Recent changes to State laws may trigger a surprise tax bill for some family (discretionary) trusts.

Additional foreign acquirer duty

Additional foreign acquirer duty (AFAD) is an extra amount of duty that applies to land purchases that are liable for transfer duty, landholder duty or corporate trustee duty. AFAD applies when you are a Foreign Acquirer of residential land, and the acquisition occurs after 1 October 2016.

You are a Foreign Acquirer if you are:

    • A foreign individual (not an Australian citizen or permanent resident); OR
    • A Foreign Corporation (incorporated outside Australia, or where foreign persons and their associates have 50% or more control); OR
    • A Foreign Trusts (at least 50% of the trust interests are held by foreign individuals, corporations, trustees or their associates).

A transaction involves residential land if:

The transaction is for land that is or will be used solely or primarily for residential purposes.  Where particular conditions are met. AFAD residential land includes:

  • homes and apartments
  • vacant land on which a home or apartment will be built
  • land for residential development, such as
    • smaller unit blocks
    • housing subdivisions
    • major developments with a residential component
  • buildings refurbished, renovated or extended for residential use.

AFAD residential land does not include land used for hotels and motels, and other types of residential property such as retirement villages and student accommodation are considered on a case-by-case basis.

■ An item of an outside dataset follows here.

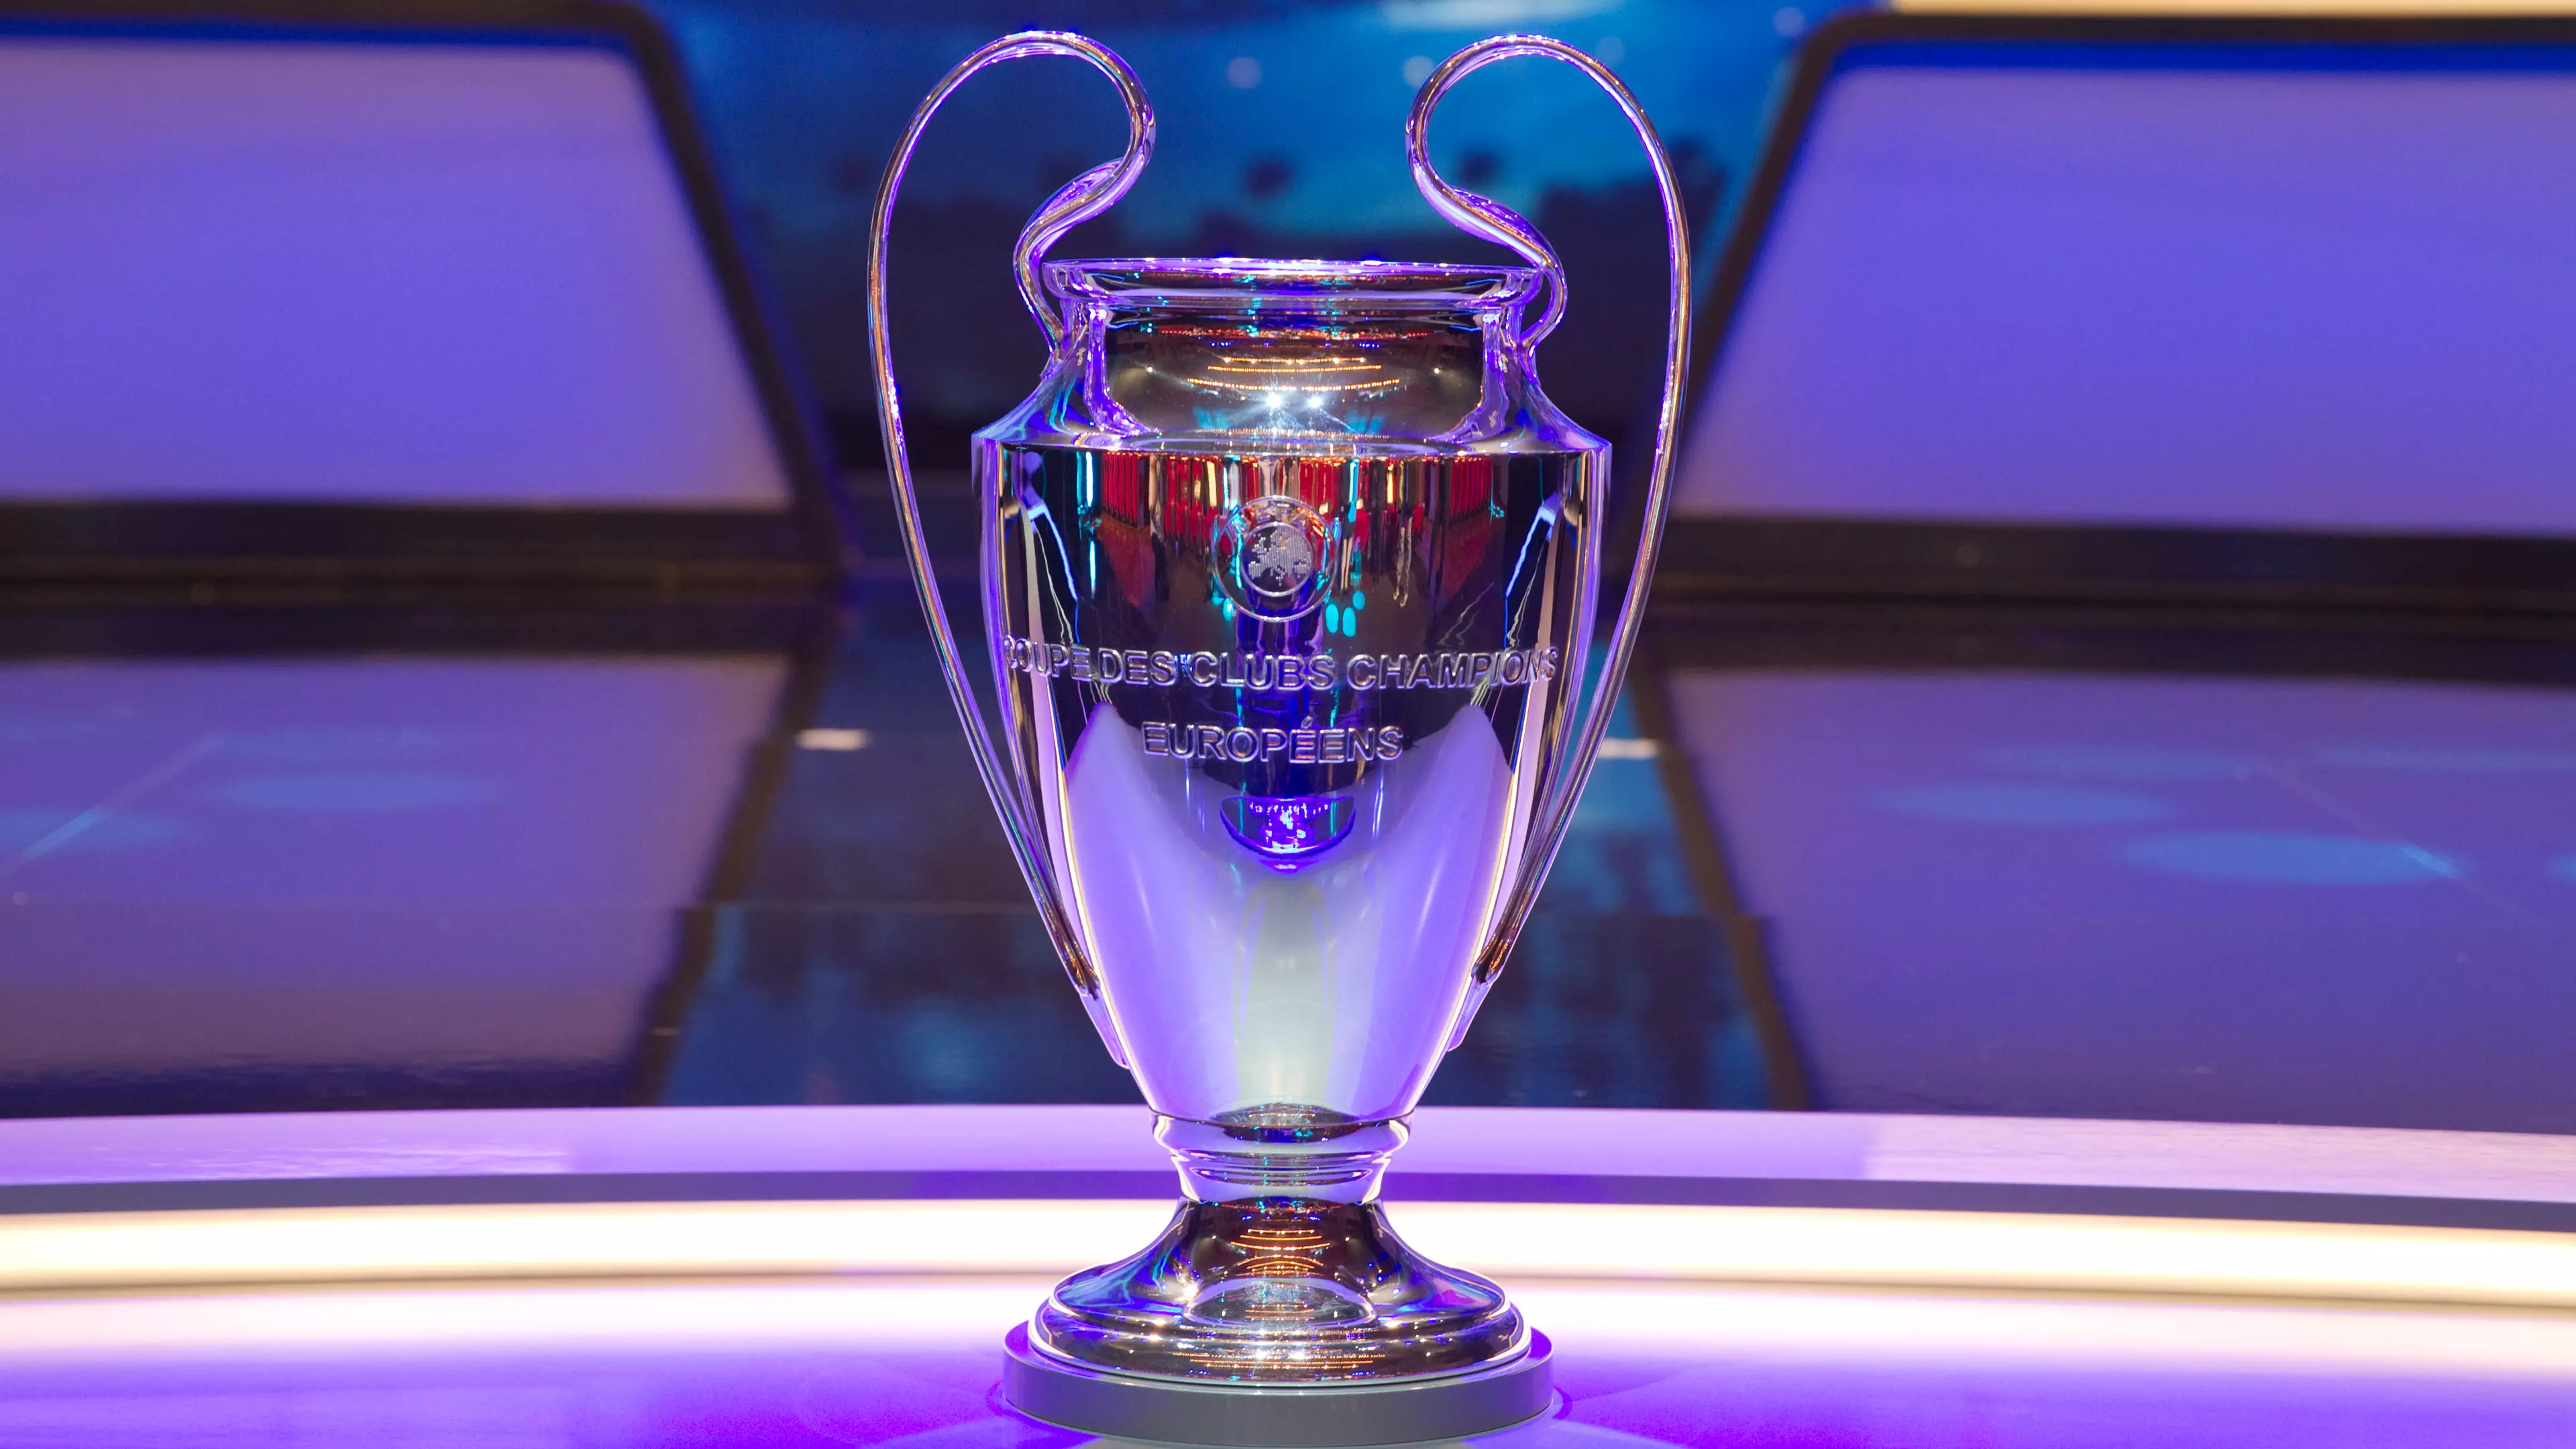 Champions League 2020/21 Last 16 Draw Announced

The problem for some family trusts stems from recent legislative changes in New South Wales (NSW), Victoria (VIC) and Queensland (QLD) that impose a surcharge on foreigners purchasing residential land.  An issue may arise because of the way the trust deed is drafted.  These trust deeds are typically drafted so that the trustee has the power to distribute income or capital to a very wide class of potential beneficiaries.

In the case of Victorian and New South Wales Land, the new surcharge can apply even where you have only a single foreign discretionary beneficiary.  However, in Queensland, the test clearly states that a trust is a “foreign trust” only where at least 50% of the trust “interests” are held by foreigners.  A ‘Trust interest’ is a person’s interest as a beneficiary of a trust, other than a life interest.  For a trust that is a discretionary trust, only a taker in default of an appointment by the trustee can have a trust interest (s57 Duties Act).

This means that amendments to trust deeds should only be considered in advance of Queensland residential property purchases where there is a foreign default beneficiary, or if the trust is a hybrid trust, and foreign beneficiaries have more than 50% of the rights to income or capital.

In the case of Victorian and New South Wales residential land purchases, the trust deed may need to be amended to exclude all “foreign persons” from being beneficiaries.  On this point we note that for asset protection purposes, most family trusts have a very wide class of potential beneficiaries and unfettered powers for the trust to distribute income or capital.  This means that no one beneficiary can claim that they have a right to the assets or income of the trust, which is helpful when a creditor is looking to target assets – you don’t have a right to the assets or income of the trust until the trust agrees to distribute to you, however it also means that there are because of the wide definition potential foreign beneficiaries and hence the possibility of duty surcharge for Victorian or New South Wales land purchases.